5 ejercicios suaves en casa para aliviar el dolor en fibromialgia

La actividad física regular y adaptada es una de las estrategias no farmacológicas con mayor respaldo para el manejo de la fibromialgia. Aunque el dolor y la fatiga pueden generar temor al movimiento, la evidencia científica muestra que el ejercicio suave, progresivo y constante, realizado desde casa, puede ayudar a disminuir el dolor, mejorar la movilidad, favorecer el sueño y fortalecer el bienestar emocional.
La clave está en iniciar lentamente, respetar los límites del cuerpo y priorizar la constancia sobre la intensidad.

1. Caminata suave en casa
Si no es posible salir, se puede caminar dentro de casa o marchar en el mismo lugar con un estiramiento antes y después.
Beneficios: activa la circulación, reduce la rigidez y mejora la energía.
Recomendación: iniciar con 10–15 minutos, 3 veces por semana, aumentando gradualmente según tolerancia.

2. Estiramientos suaves
Los estiramientos ayudan a disminuir la tensión muscular y mejorar la movilidad.
Recomendación: movimientos lentos, sin rebotes, manteniendo cada posición 15–30 segundos.
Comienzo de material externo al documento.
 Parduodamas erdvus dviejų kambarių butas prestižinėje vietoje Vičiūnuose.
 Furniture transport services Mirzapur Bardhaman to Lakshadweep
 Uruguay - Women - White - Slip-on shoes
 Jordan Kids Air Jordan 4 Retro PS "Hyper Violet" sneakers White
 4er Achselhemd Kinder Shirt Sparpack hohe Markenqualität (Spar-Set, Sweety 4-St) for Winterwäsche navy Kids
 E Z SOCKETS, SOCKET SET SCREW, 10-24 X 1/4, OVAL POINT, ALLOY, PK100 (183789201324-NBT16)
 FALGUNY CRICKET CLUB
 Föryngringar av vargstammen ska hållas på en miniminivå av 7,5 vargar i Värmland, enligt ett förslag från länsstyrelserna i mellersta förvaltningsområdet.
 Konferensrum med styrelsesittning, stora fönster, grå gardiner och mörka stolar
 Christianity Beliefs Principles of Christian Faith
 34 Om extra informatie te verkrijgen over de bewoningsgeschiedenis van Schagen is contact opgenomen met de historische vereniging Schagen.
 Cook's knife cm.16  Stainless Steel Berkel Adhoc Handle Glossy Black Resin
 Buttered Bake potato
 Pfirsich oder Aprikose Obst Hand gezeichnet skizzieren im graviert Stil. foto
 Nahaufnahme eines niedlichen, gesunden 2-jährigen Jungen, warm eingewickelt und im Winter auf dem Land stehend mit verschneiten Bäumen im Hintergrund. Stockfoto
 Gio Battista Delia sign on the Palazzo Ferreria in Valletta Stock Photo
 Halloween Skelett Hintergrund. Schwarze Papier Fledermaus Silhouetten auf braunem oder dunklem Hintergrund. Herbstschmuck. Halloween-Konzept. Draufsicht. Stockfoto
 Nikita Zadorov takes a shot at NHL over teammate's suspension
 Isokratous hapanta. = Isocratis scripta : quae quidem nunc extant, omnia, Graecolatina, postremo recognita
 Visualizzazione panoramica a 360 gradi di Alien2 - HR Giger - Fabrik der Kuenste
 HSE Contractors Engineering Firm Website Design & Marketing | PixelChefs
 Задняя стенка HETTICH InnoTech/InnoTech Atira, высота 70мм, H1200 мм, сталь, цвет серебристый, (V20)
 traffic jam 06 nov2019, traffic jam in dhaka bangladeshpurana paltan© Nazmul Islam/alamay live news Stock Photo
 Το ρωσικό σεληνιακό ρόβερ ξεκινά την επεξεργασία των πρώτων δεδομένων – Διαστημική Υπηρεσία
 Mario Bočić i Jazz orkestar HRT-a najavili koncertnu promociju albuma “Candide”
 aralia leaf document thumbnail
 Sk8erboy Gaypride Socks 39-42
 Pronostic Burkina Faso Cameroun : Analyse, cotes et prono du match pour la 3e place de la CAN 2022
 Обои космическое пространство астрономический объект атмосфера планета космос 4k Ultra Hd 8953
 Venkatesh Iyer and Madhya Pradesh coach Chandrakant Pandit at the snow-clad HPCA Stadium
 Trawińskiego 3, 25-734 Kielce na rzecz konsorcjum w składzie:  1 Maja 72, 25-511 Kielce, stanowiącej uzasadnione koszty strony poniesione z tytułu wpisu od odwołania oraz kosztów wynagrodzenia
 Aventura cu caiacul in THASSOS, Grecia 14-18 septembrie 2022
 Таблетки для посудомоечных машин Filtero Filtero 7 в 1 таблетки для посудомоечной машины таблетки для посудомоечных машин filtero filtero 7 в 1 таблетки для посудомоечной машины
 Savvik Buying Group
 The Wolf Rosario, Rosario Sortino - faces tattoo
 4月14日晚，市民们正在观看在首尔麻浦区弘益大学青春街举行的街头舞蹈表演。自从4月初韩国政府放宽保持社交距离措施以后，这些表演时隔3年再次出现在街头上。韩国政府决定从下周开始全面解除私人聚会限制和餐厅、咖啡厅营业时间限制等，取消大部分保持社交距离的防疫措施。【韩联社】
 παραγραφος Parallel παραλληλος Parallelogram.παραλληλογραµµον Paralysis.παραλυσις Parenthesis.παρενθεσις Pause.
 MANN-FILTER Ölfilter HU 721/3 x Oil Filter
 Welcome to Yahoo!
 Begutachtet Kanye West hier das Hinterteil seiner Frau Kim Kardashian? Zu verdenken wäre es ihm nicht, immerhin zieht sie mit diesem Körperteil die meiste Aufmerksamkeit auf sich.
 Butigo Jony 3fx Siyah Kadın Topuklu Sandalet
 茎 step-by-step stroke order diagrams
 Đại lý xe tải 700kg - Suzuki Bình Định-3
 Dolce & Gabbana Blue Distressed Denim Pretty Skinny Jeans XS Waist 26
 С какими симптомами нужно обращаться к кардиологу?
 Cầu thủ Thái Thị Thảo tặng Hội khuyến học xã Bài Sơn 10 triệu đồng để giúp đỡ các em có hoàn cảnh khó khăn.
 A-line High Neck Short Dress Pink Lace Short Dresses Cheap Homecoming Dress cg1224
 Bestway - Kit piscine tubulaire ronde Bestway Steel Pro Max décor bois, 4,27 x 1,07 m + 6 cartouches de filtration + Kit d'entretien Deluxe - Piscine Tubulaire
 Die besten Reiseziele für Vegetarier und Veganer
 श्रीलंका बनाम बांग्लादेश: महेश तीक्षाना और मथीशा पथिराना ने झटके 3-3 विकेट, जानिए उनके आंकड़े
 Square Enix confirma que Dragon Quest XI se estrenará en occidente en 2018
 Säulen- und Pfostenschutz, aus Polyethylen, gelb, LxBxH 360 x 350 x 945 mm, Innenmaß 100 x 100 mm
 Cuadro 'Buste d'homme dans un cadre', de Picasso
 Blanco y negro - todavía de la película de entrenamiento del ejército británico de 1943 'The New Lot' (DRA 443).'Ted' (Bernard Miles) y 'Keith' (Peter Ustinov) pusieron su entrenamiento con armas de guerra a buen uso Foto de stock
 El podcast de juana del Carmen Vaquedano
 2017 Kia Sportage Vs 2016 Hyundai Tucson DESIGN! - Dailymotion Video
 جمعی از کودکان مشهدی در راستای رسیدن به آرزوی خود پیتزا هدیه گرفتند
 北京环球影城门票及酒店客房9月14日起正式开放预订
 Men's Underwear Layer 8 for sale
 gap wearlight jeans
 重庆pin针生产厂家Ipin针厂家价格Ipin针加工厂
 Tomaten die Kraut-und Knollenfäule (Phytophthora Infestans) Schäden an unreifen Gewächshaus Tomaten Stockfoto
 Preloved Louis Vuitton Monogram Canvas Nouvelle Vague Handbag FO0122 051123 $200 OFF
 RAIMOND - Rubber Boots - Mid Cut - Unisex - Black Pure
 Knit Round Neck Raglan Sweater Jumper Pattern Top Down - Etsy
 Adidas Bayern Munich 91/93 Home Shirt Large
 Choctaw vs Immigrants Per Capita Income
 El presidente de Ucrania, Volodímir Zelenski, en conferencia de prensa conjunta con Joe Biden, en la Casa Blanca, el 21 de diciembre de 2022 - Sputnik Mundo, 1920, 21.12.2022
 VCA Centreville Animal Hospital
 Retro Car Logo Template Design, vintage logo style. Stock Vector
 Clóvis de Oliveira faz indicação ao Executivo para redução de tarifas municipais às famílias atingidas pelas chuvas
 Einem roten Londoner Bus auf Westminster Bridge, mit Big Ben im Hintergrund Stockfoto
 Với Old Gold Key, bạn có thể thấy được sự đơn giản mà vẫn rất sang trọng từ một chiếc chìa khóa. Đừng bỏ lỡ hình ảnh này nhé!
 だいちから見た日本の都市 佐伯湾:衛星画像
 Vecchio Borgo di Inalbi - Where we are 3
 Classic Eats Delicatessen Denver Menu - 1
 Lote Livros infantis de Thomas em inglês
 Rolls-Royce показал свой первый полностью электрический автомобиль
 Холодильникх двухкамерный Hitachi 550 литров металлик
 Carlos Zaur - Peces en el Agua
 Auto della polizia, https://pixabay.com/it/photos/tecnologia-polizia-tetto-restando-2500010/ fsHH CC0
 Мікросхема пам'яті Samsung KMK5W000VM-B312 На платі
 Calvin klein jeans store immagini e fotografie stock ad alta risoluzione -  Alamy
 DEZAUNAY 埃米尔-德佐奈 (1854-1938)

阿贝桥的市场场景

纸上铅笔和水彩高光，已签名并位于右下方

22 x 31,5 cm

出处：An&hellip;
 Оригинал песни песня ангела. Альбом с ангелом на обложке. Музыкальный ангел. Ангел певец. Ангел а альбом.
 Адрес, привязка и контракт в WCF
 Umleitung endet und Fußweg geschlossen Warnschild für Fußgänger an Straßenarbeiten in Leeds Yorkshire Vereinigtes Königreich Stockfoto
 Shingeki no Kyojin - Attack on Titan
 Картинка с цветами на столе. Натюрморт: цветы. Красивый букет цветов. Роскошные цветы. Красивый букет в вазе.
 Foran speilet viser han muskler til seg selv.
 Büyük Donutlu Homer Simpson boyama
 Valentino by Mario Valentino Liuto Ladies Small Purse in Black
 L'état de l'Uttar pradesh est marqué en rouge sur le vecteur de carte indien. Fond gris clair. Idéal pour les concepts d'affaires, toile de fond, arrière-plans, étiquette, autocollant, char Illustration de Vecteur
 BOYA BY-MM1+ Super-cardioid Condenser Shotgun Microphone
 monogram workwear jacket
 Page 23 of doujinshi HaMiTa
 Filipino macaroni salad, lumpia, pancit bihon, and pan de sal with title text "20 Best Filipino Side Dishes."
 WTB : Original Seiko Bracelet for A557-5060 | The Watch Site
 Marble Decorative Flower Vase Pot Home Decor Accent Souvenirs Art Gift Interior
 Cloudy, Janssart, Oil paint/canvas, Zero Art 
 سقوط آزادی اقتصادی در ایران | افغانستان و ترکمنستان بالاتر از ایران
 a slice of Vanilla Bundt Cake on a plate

Son especialmente útiles al despertar o antes de dormir.

3. Yoga suave o restaurativo
El yoga combina respiración consciente, movilidad suave y relajación.
Beneficios: puede reducir la percepción del dolor, la ansiedad y favorecer el descanso.
Se recomienda optar por rutinas básicas y evitar posturas exigentes.

4. Movilidad articular guiada
Consiste en movimientos suaves y controlados de hombros, cuello, caderas, rodillas y tobillos.
Beneficios: ayuda a reducir rigidez y mantener el rango de movimiento.
Puede realizarse sentada o de pie, durante 5–10 minutos diarios.

5. Fortalecimiento ligero con bandas o botellas
Se pueden usar bandas elásticas, botellas con agua o el propio peso corporal.
Beneficios: mejora la resistencia muscular y la estabilidad.
Recomendación: 1–2 veces por semana, con baja resistencia y pocas repeticiones, evitando el sobreesfuerzo.

Recomendaciones generales

  • Consultar previamente con un profesional de salud.
  • Iniciar con baja intensidad y progresar gradualmente.
  • Evitar exigirse en días de mayor dolor (adaptar, no suspender completamente si es posible).
  • Combinar ejercicio con descanso adecuado.
  • Recordar que la regularidad es más importante que la intensidad.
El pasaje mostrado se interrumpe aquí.